Department of Hematology and Hematopoietic Cell Transplantation, City of Hope National Medical Center, Duarte, CA.
Alliance Statistics and Data Center, Mayo Clinic, Rochester, MN.
Blood Adv. 2023 Jan 24;7(2):196-204. doi: 10.1182/bloodadvances.2022007791.
Asparaginase is a key component of pediatric-inspired regimens in young adults with acute lymphoblastic leukemia (ALL). Truncation of asparaginase therapy is linked to inferior outcomes in children with ALL. However, a similar correlation in adults is lacking. Here, we studied the prevalence and risk factors associated with pegylated (PEG)-asparaginase discontinuation in young adults with ALL treated on the US intergroup Cancer and Leukemia Group B (CALGB) 10403 study and examined the prognostic impact of early discontinuation (ED) (defined as <4 of 5 or 6 planned doses) on survival outcomes. The analysis included 176 patients who achieved complete remission and initiated the delayed intensification (DI) cycle. The median number of PEG-asparaginase doses administered before DI was 5 (range, 1-6), with 57 (32%) patients with ED. The ED patients were older (median, 26 vs 23 years; P = .023). Survival was apparently lower for ED patients compared with those receiving ≥4 doses, but this finding was not statistically significant (hazard ratio [HR], 1.82; 95% confidence interval [CI], 0.97-3.43; P = .06), with corresponding 5-year overall survival (OS) rates of 66% and 80%, respectively.

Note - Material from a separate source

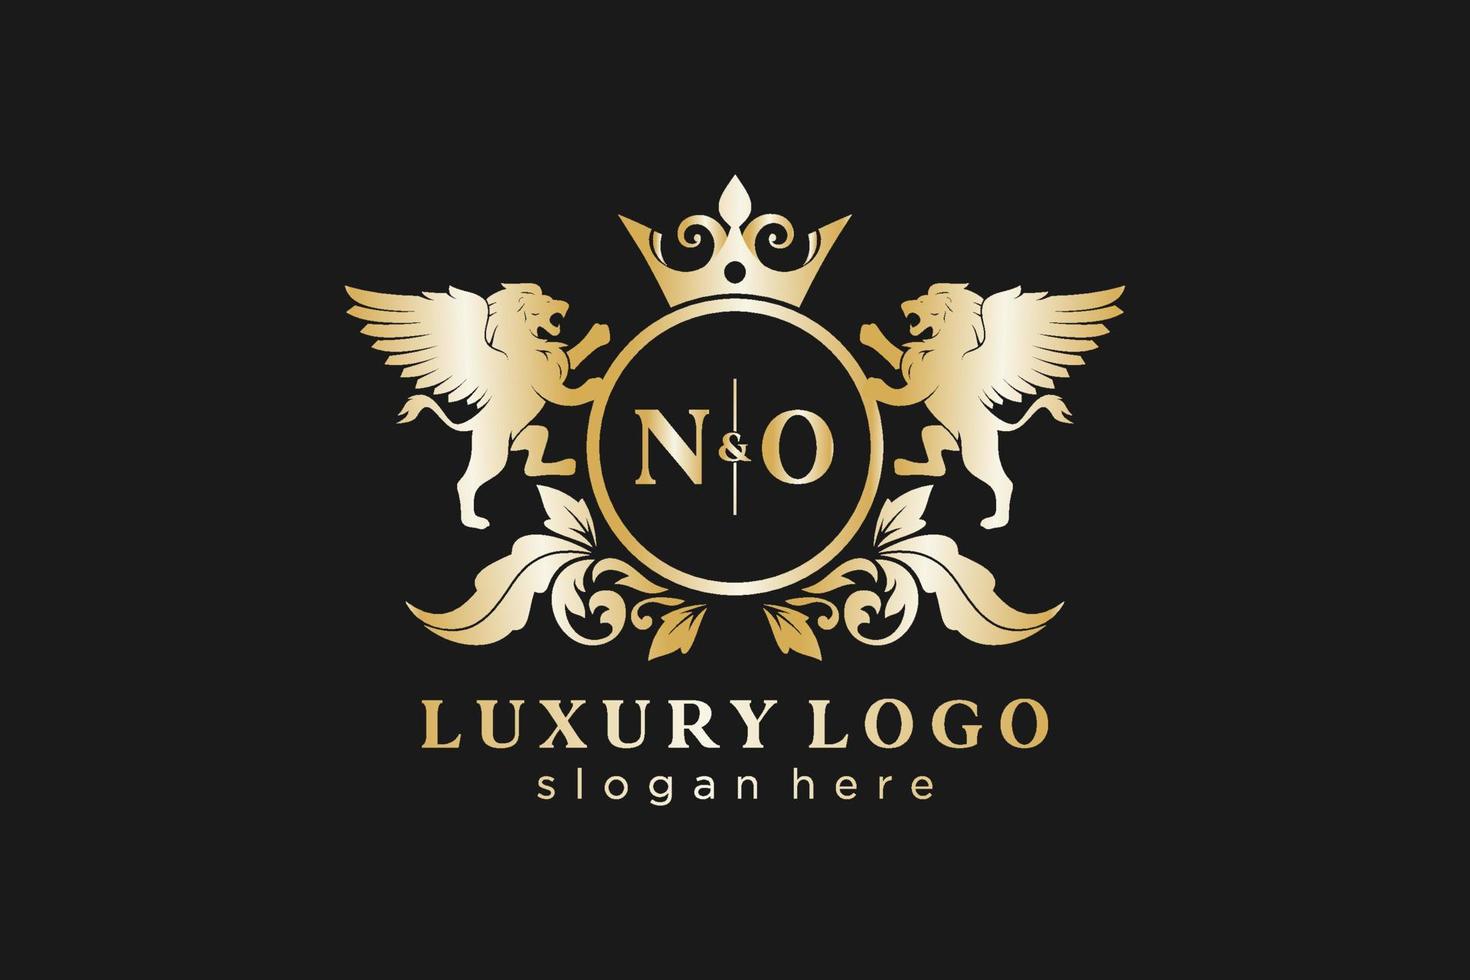 modèle de logo de luxe royal lion initial sans lettre dans l'art vectoriel pour le restaurant, la royauté, la boutique, le café, l'hôtel, l'héraldique, les bijoux, la mode et d'autres illustrations vectorielles.

In patients with standard-risk ALL, the ED of PEG-asparaginase adversely influenced OS (HR, 2.3; 95% CI, 1.02-5.22; P = .04) with a trend toward inferior event-free survival (EFS) (HR, 1.84; 95% CI, 0.92-3.67; P = .08). In contrast, there was no impact of early PEG-asparaginase discontinuation on OS (P = .64) or EFS (P = .32) in patients with high-risk disease based on the presence of high-risk cytogenetics, Ph-like genotype, and/or high white blood cell count at presentation. In conclusion, early PEG-asparaginase discontinuation is common in young adults with ALL and may adversely impact survival of patients with standard-risk ALL.
门冬酰胺酶是儿童急性淋巴细胞白血病(ALL)方案中的关键组成部分。在 ALL 患儿中,门冬酰胺酶治疗的截断与较差的结果有关。然而,成人中缺乏类似的相关性。在这里,我们研究了在美国癌症和白血病组 B(CALGB)10403 研究中接受治疗的年轻 ALL 成人中聚乙二醇(PEG)-门冬酰胺酶停药的流行率和相关因素,并检查了早期停药(ED)(定义为<4 次)对生存结果的预后影响计划剂量中的 5 次或 6 次)。该分析包括 176 名达到完全缓解并开始延迟强化(DI)周期的患者。在开始 DI 之前,PEG-门冬酰胺酶的中位数剂量为 5(范围 1-6),57 名(32%)患者出现 ED。ED 患者年龄较大(中位数 26 岁比 23 岁;P=0.023)。与接受≥4 次剂量的患者相比,ED 患者的生存率显然较低,但这一发现无统计学意义(风险比 [HR],1.82;95%置信区间 [CI],0.97-3.43;P=0.06),相应的 5 年总生存率(OS)分别为 66%和 80%。在标准风险 ALL 患者中,PEG-门冬酰胺酶的 ED 对 OS 产生不利影响(HR,2.3;95%CI,1.02-5.22;P=0.04),EFS 呈下降趋势(HR,1.84;95%CI,0.92-3.67;P=0.08)。相比之下,在基于高风险细胞遗传学、Ph 样基因型和/或高白细胞计数的高危疾病患者中,早期 PEG-门冬酰胺酶停药对 OS(P=0.64)或 EFS(P=0.32)无影响。总之,年轻 ALL 成人中早期 PEG-门冬酰胺酶停药很常见,可能对标准风险 ALL 患者的生存产生不利影响。